Rapport-bilan synthétique d'activités
Résumé exécutif
Créée le 12 septembre 2018 à l'initiative de jeunes du village de Ndouloumadji Dembé (commune de Nabadji Civol, région de Matam), l'OCB NdouloumVert s'est donné pour mission de lutter contre la désertification et de créer des emplois verts durables pour les jeunes et les femmes de la moyenne vallée du fleuve Sénégal. En huit années d'activité continue, l'organisation a planté plus de 8 000 arbres, mis en place une pépinière communautaire fonctionnelle dès 2020, innové avec des pratiques sociales d'enracinement des plantations (« un bébé, un arbre », « un mariage, un arbre »), mobilisé des financements nationaux et internationaux — dont 9 millions de FCFA du Legal Empowerment Fund en 2025 — et construit un réseau de partenaires techniques et financiers diversifiés.

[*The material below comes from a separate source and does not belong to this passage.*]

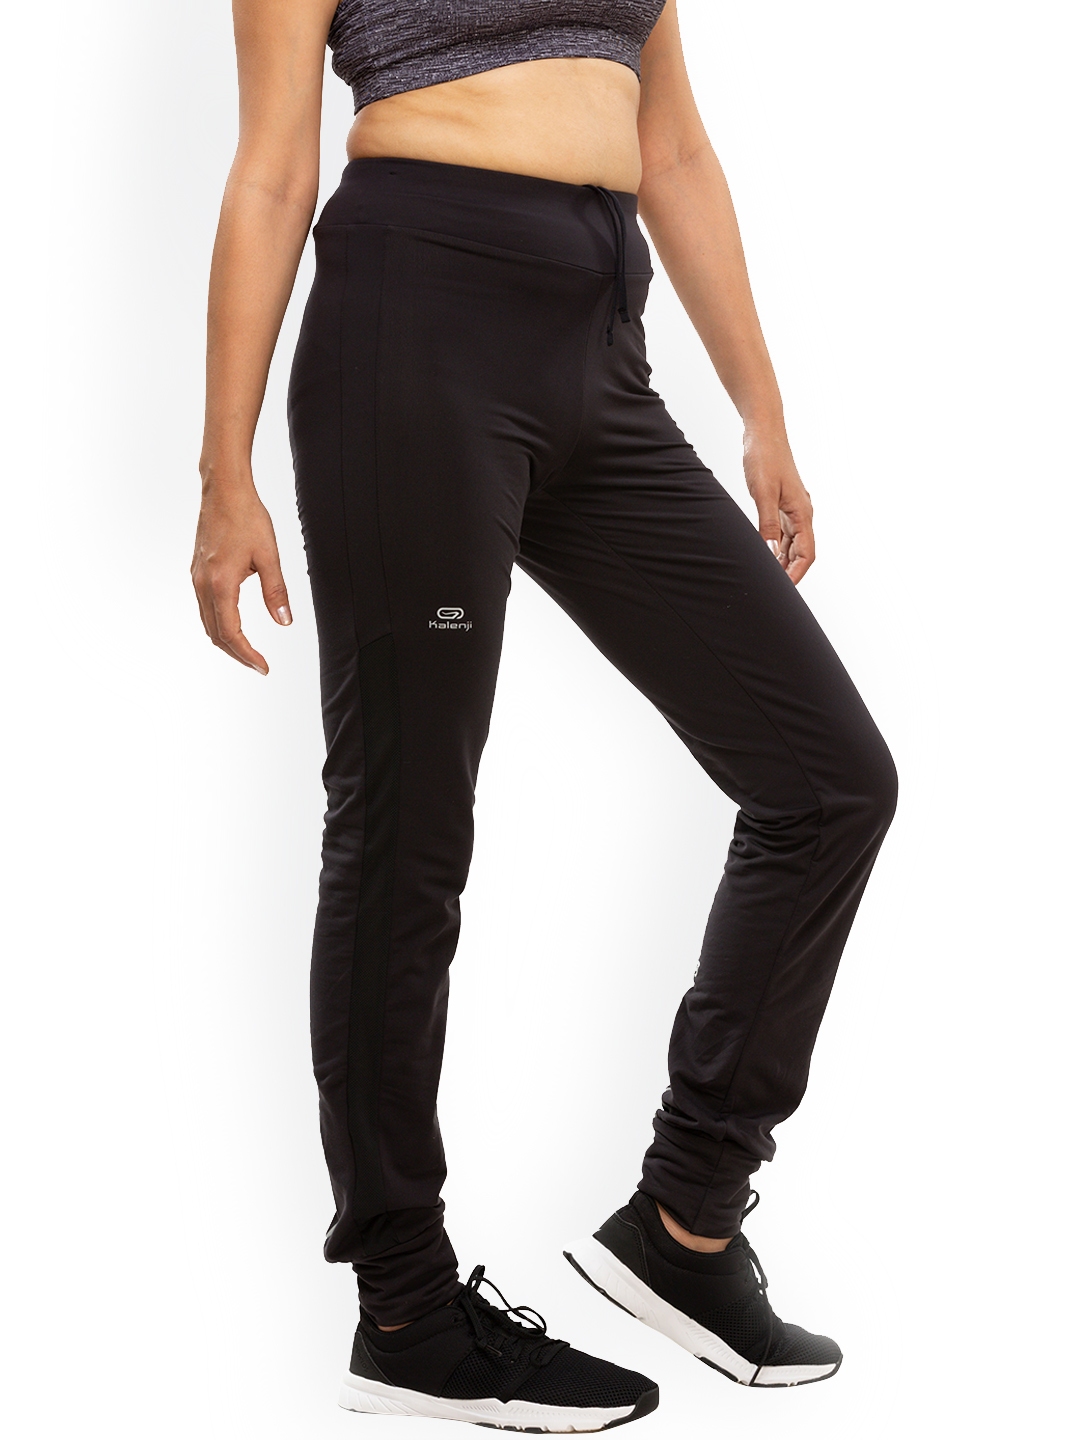 Womens Running Warm Long Leggings Sports Trousers Warm+ -With

1. Méthodologie de mise en œuvre
Les activités sont planifiées annuellement selon le calendrier cultural (hivernage, saison sèche) et font l'objet de bilans participatifs semestriels. L'organisation s'appuie sur des outils de suivi simples : fiches de plantation par secteur, registre des naissances et mariages pour les arbres rituels. Depuis 2021, chaque plant est géolocalisé via la plateforme ODK (Open Data Kit), avec ses métadonnées (espèce, date, propriétaire, état de santé). Cinq agents verts bénévoles assurent un suivi quotidien, renforcés depuis 2021 par des agents verts rémunérés via l'ASERGMV.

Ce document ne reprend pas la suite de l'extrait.